Protesters march through the rain in support of Palestine.

“It’s the injustice of it all,” says Katy. “I think people are realising that. And once you know too much you can’t turn back; your own knowledge is too great.”

Some may ask what business this conflict is of two foreign nations at the end of the Mediterranean to do with Britain? To this, says Ms Weitz: “We have many trade deals with Israel; we sell arms to them to be used against Palestinians and we train our troops together. There is also the matter of the Balfour Declaration, which Palestinians to this day deem their greatest betrayal.”

The Balfour Declaration though essentially now forgotten in the UK could be said to be the origin of this entire conflict. It supported a “national home for the Jewish people” in the land of the Palestinians where only a small Jewish minority lived and which was then part of the collapsing Ottoman Empire.

As the the government continues to sell arms to Israel, Ms Colley does not expect them to change. She credits however the growing movements within the western world such as BLM and the use of social media with causing change: “people around the world are becoming aware of the injustices they themselves face and because of this they are also becoming aware of the injustices of other people.

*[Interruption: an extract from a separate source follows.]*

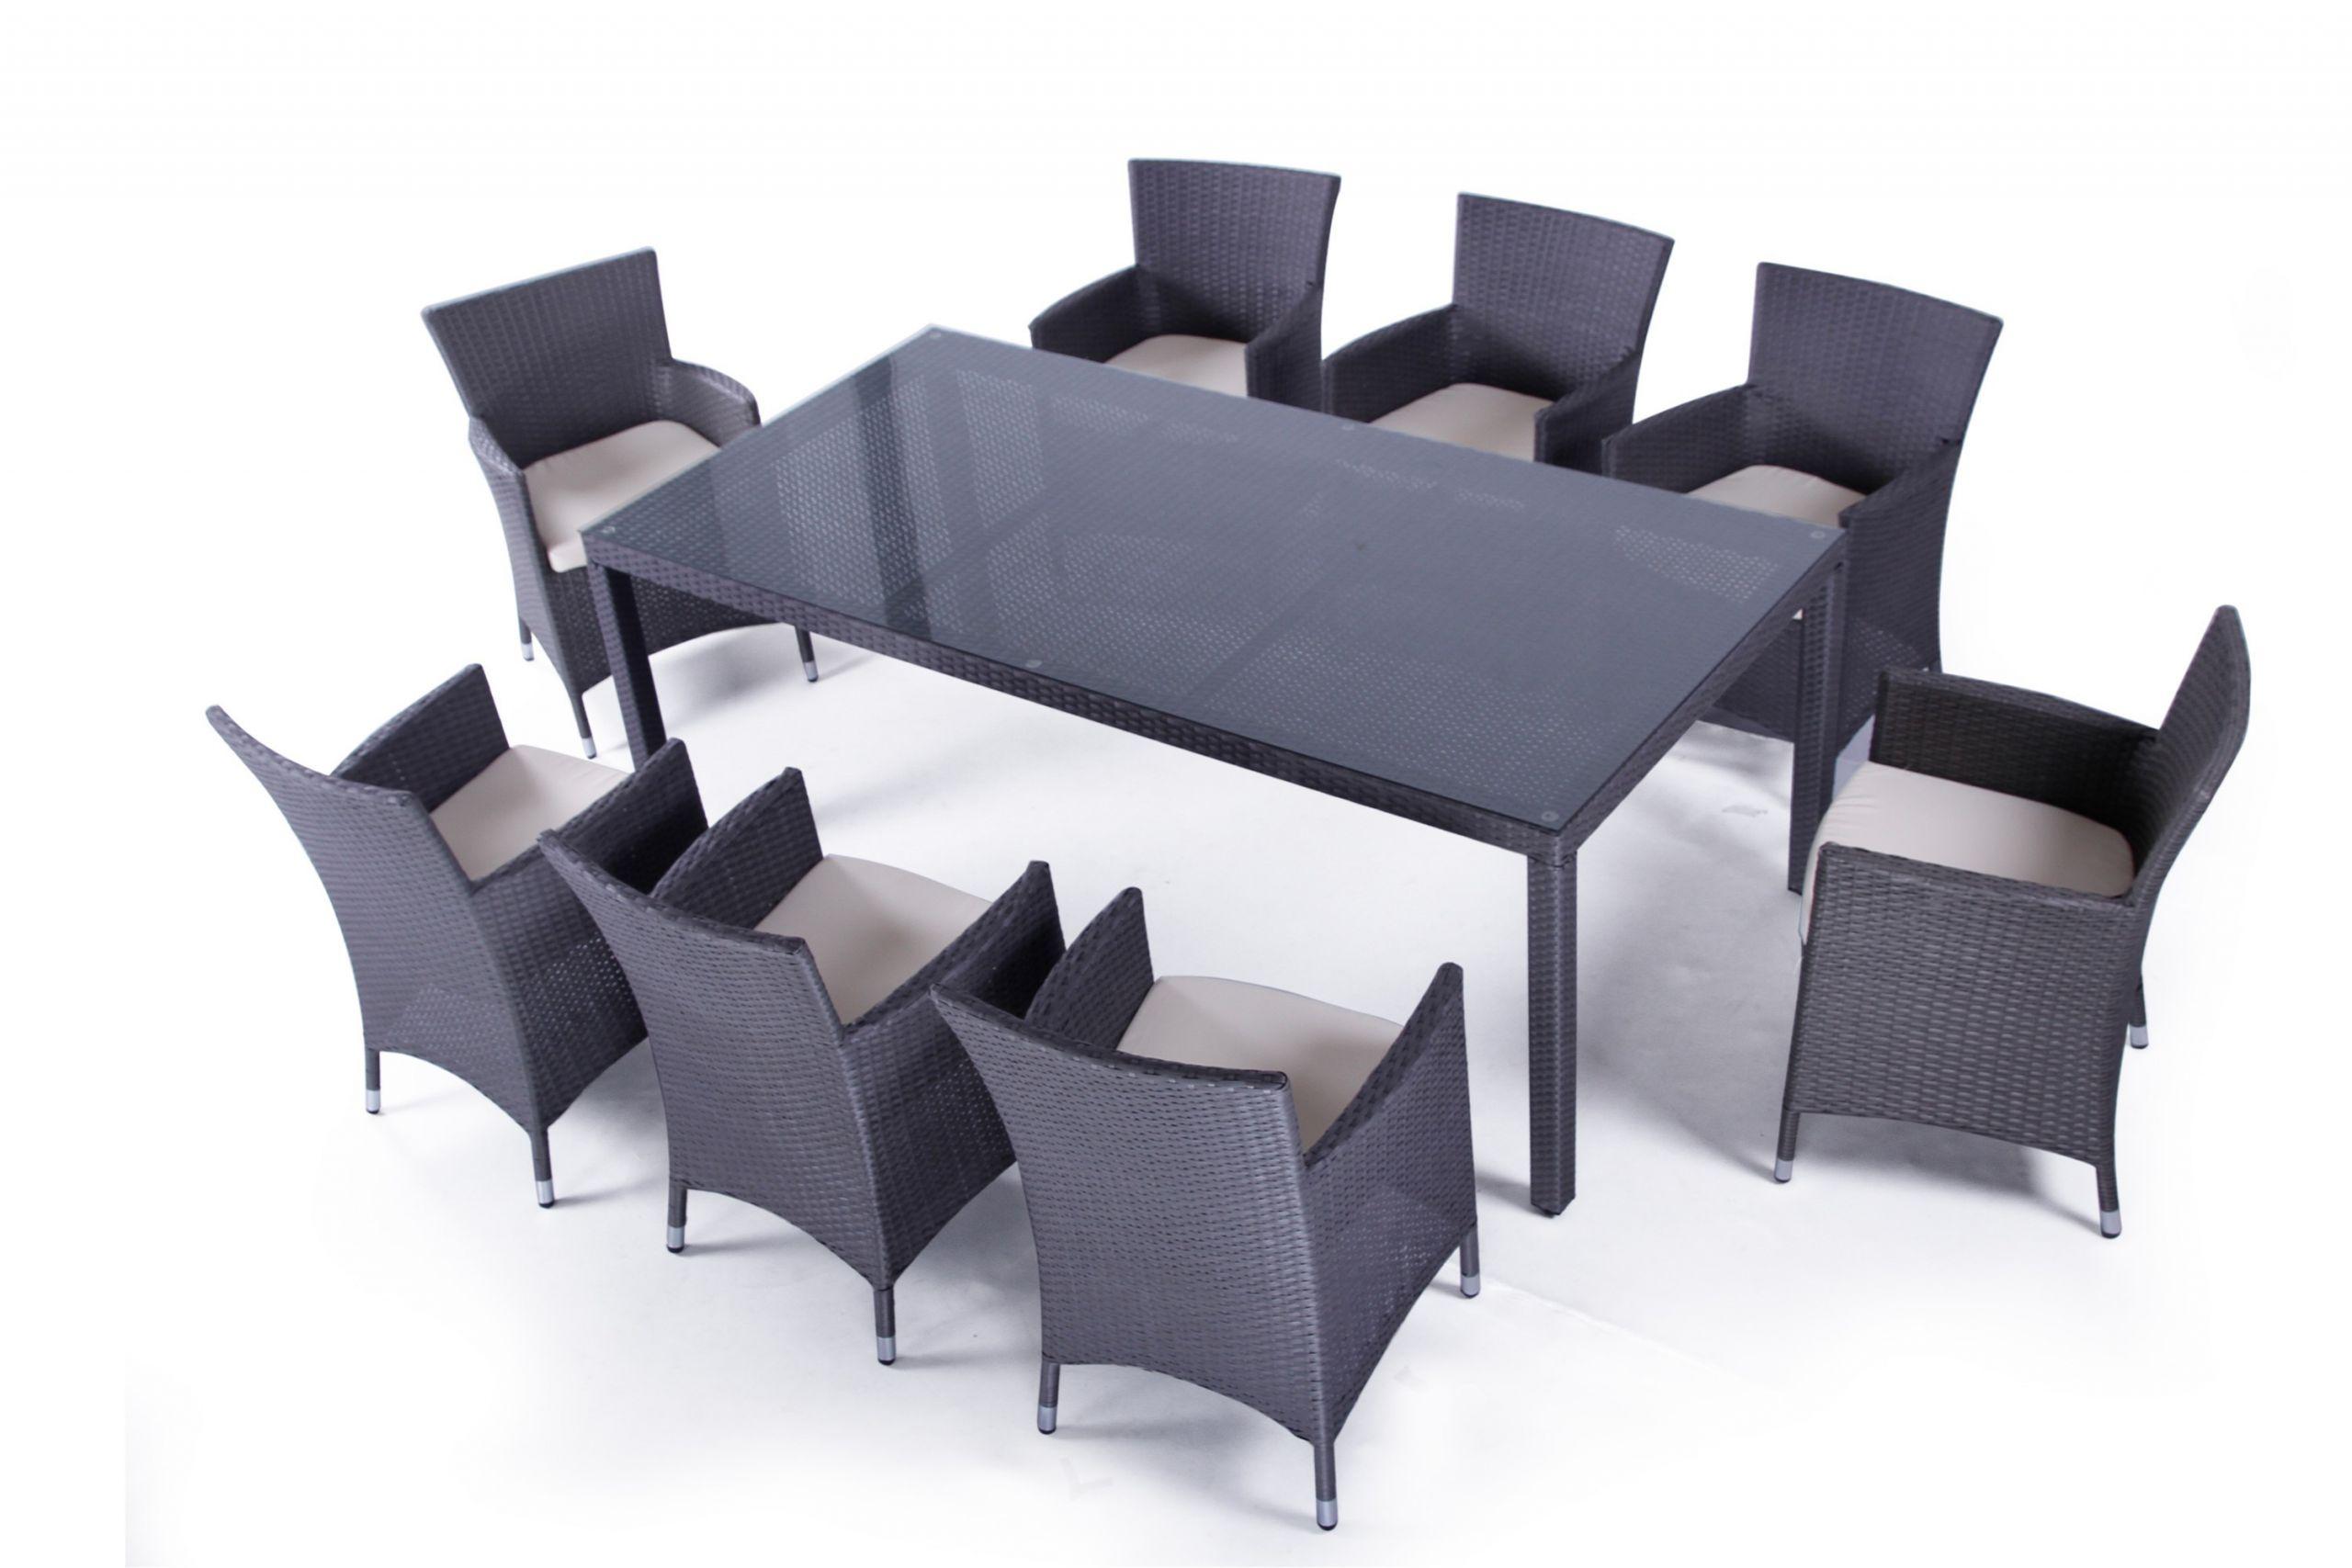 39 Best Of Tables Et Chaises De Jardin En Solde | Salon Jardin à Table Et Chaise De Jardin En Solde

“I strongly believe we have reached a tipping point and that this is an unstoppable movement,” said Katy in an email. And indeed as discontent grows around the world it may well be.

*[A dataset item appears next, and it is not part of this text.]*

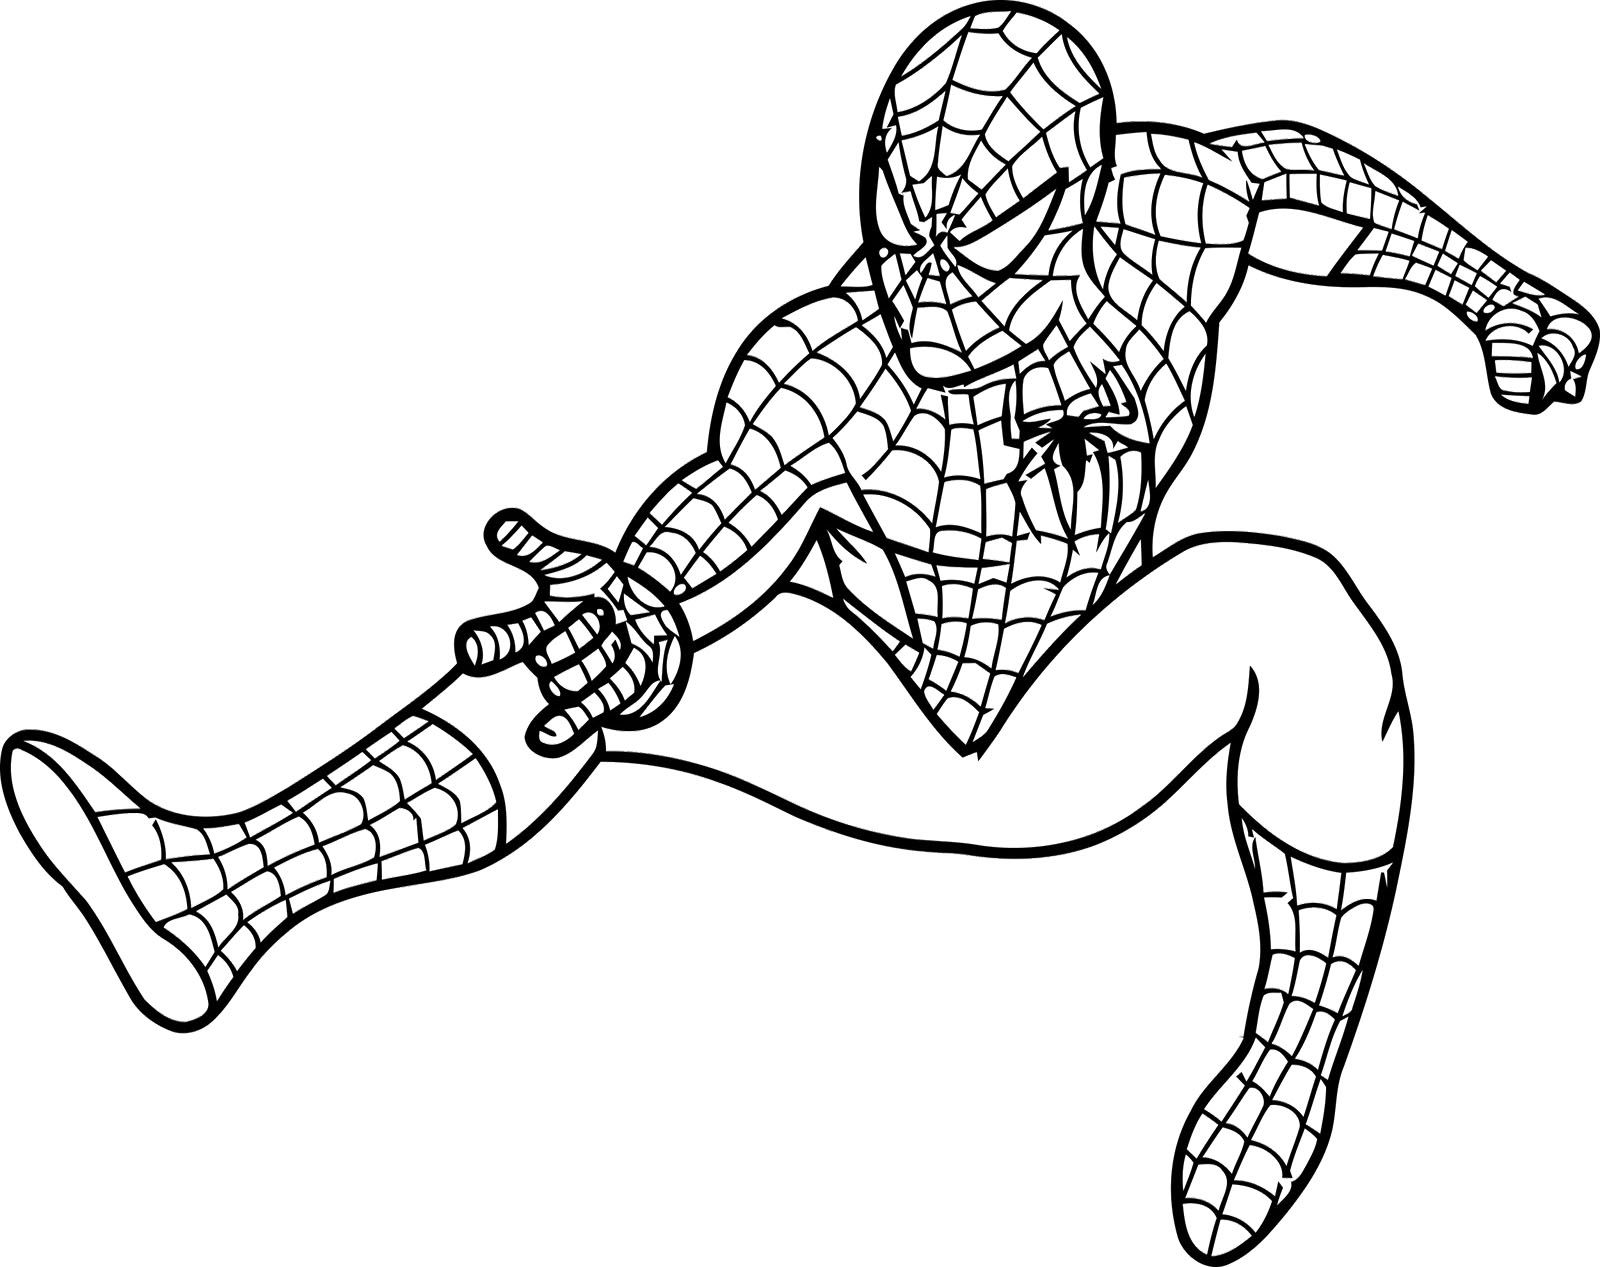 Colouring Spiderman Cartoon

“As long as we aren’t frightened of false accusations of supporting terrorism or anti-semitism then I think we can achieve a lot. It is the Palestinian people who we are supporting, people like you and me.”

Of the ceasefire, she says: “You can call a ceasefire on shooting but there is no ceasefire on apartheid and occupation. There are two million Palestinians living in the largest open air prison in the world in Gaza today. Until they and all Palestinians are free and have full rights, this must continue.”

“We will be doing more throughout the year,” says Katy. “In July we have something very special planned but we cannot reveal anything yet.”